Monday 13 May 2013

Cranfield University - National Soil Resources Institute

I can't believe where the last month has disappeared too. After Canada, lambing day and the spring work on the farm, things sure have been very busy.  Last week we hosted Natasha King, a 2013 Nuffield Scholar, who we met in Canada.  So as I was heading to Cranfield University with Tom Sewell to meet Professor Jane Rickson, Natasha came along as well.  After half a days crop walking with Dominic the day before, we were slowly converting this Kiwi to a life alongside dairy cows!
The day at Cranfield was fantastic, Jane looked after us really well and lined up a great line of people available to tell us about he various areas of research they were undertaking.  Karl Ritz was able to host for a while after lunch which was fascinating, to hear his thoughts on where arable cropping could be heading.  We mused about mixed cropping in the same field, seed mixtures not just of different varieties but also of different crop types.  In the past livestock farmers could have grown peas and spring barley together as a whole crop, baled and fed to livestock.  Karl was talking about harvesting these mixes and then selling it as a blend or separating it out in the grain store.   It would be very interesting to hear the industries views of segregation of different crops or selling blends.  Does it matter for instance if a group 1 milling wheat is a mixture of Crusoe, Solstice and Gallant if it all makes the specification, but requires less fungicides, with the same yield?  I guess these are things that organic farmers use to try and make sure 2/3rds of the crop survives a fungal attack.  Maybe now is the time to slacken off the homogenised world of specifics and go with a more natural diverse scenario?
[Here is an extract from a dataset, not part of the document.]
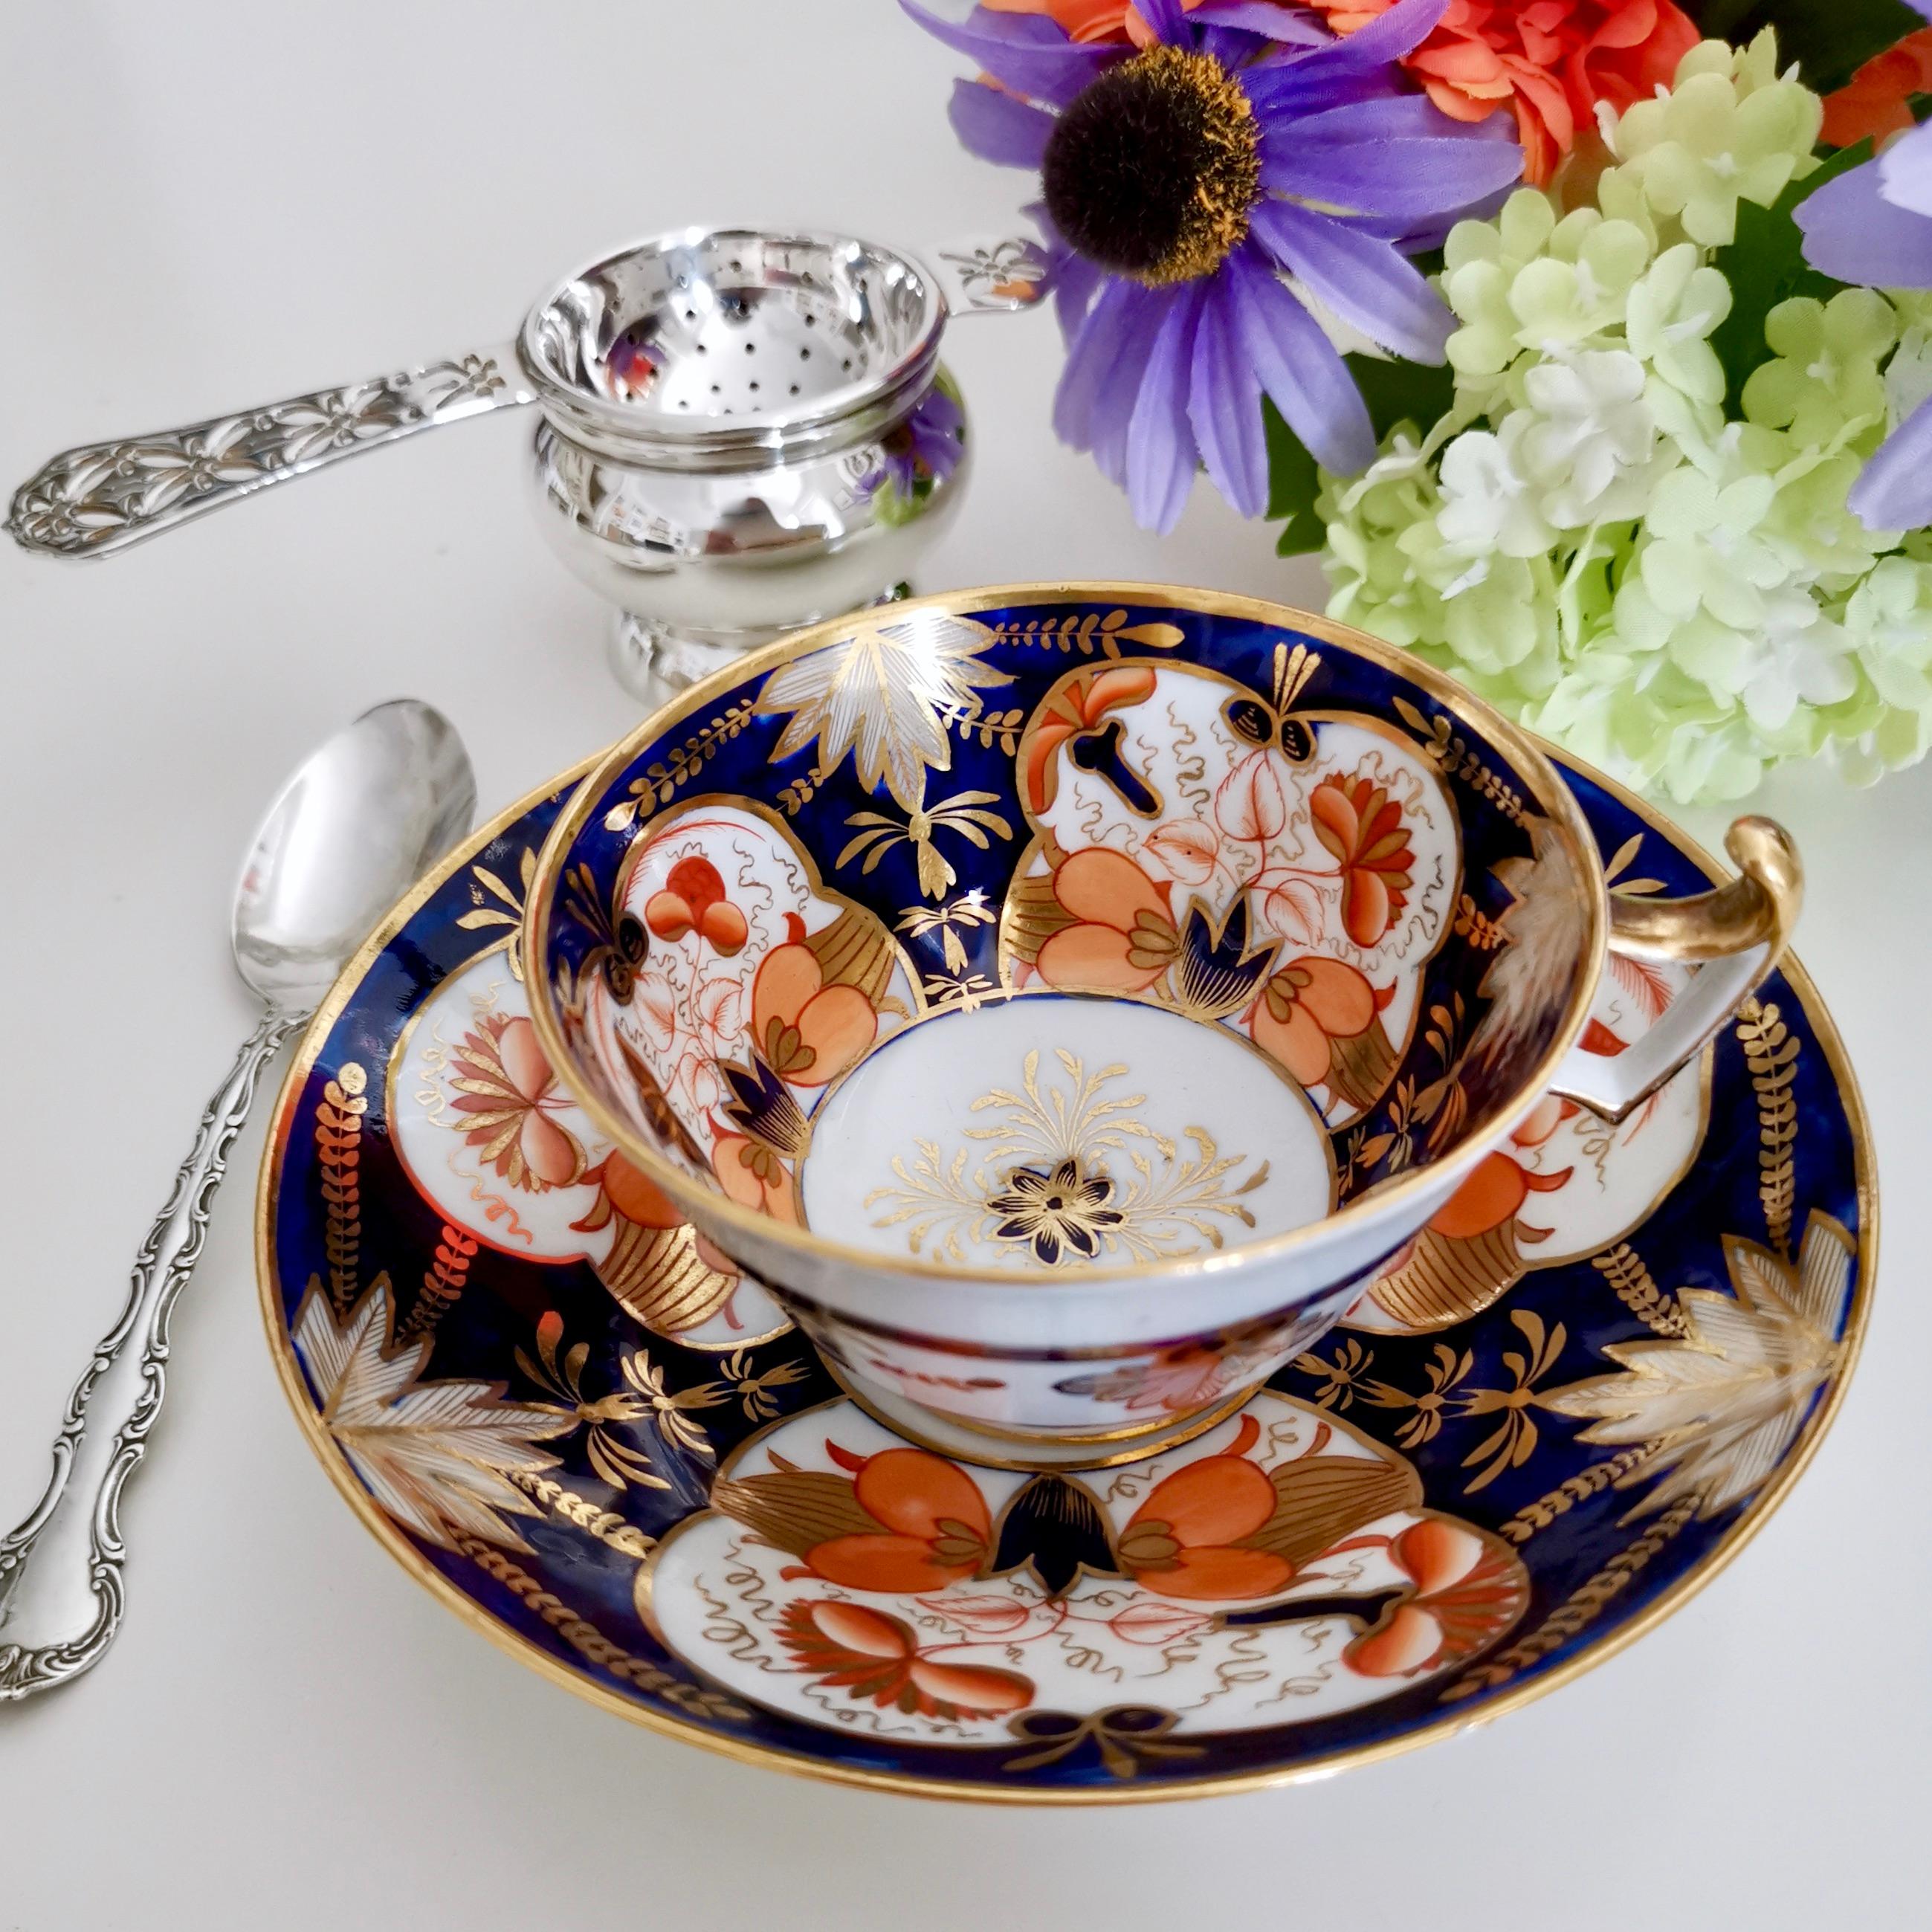 This is a beautiful teacup and saucer made by John Rose / Coalport in circa 1815, decorated in the Japanese Imari style with a striking cobalt blue, orange and gilt pattern.

Coalport was one of the leading potters in 19th and 20th century

Later in the day Professor Rickson took us to the soil hall which was a tremendous asset to have.  The trays above demonstrate how different soils under cultivation behave in different rainfall events with different topography.  The tray above shows the effect on soil movement of a buffer strip, slope and tramline.  When the water has reached a certain velocity then it moves down the slope taking soil particles (carrying pesticides and fertilisers) with it.  These have been stopped by the grass buffer (right) but can this area act as a reservoir for super pollution during a once in a lifetime rainfall event when the soil particles contained in the buffer strip are washed out of the strip?  A debate for the future, all about the width of your buffer!  It also highlighted Tom's Nuffield topic of direct drilling and some of my previous thoughts, leaving crop residue on the surface through min-till or direct drilling is better for water quality and reduces soil erosion, and that is a fact.
We finally ended up in another area of the building looking at the soil pits that can be used to simulate cultivations and compaction and what can be done to remove or alter these in-field problems.  The facility has the option to get any soil moisture level required, by simply simulating rainfall, which will obviously have an effect on the machinery being tested at any one time.
Again, more questions were asked than answers found, and lots of food for thought, not sure when this diet is going to start!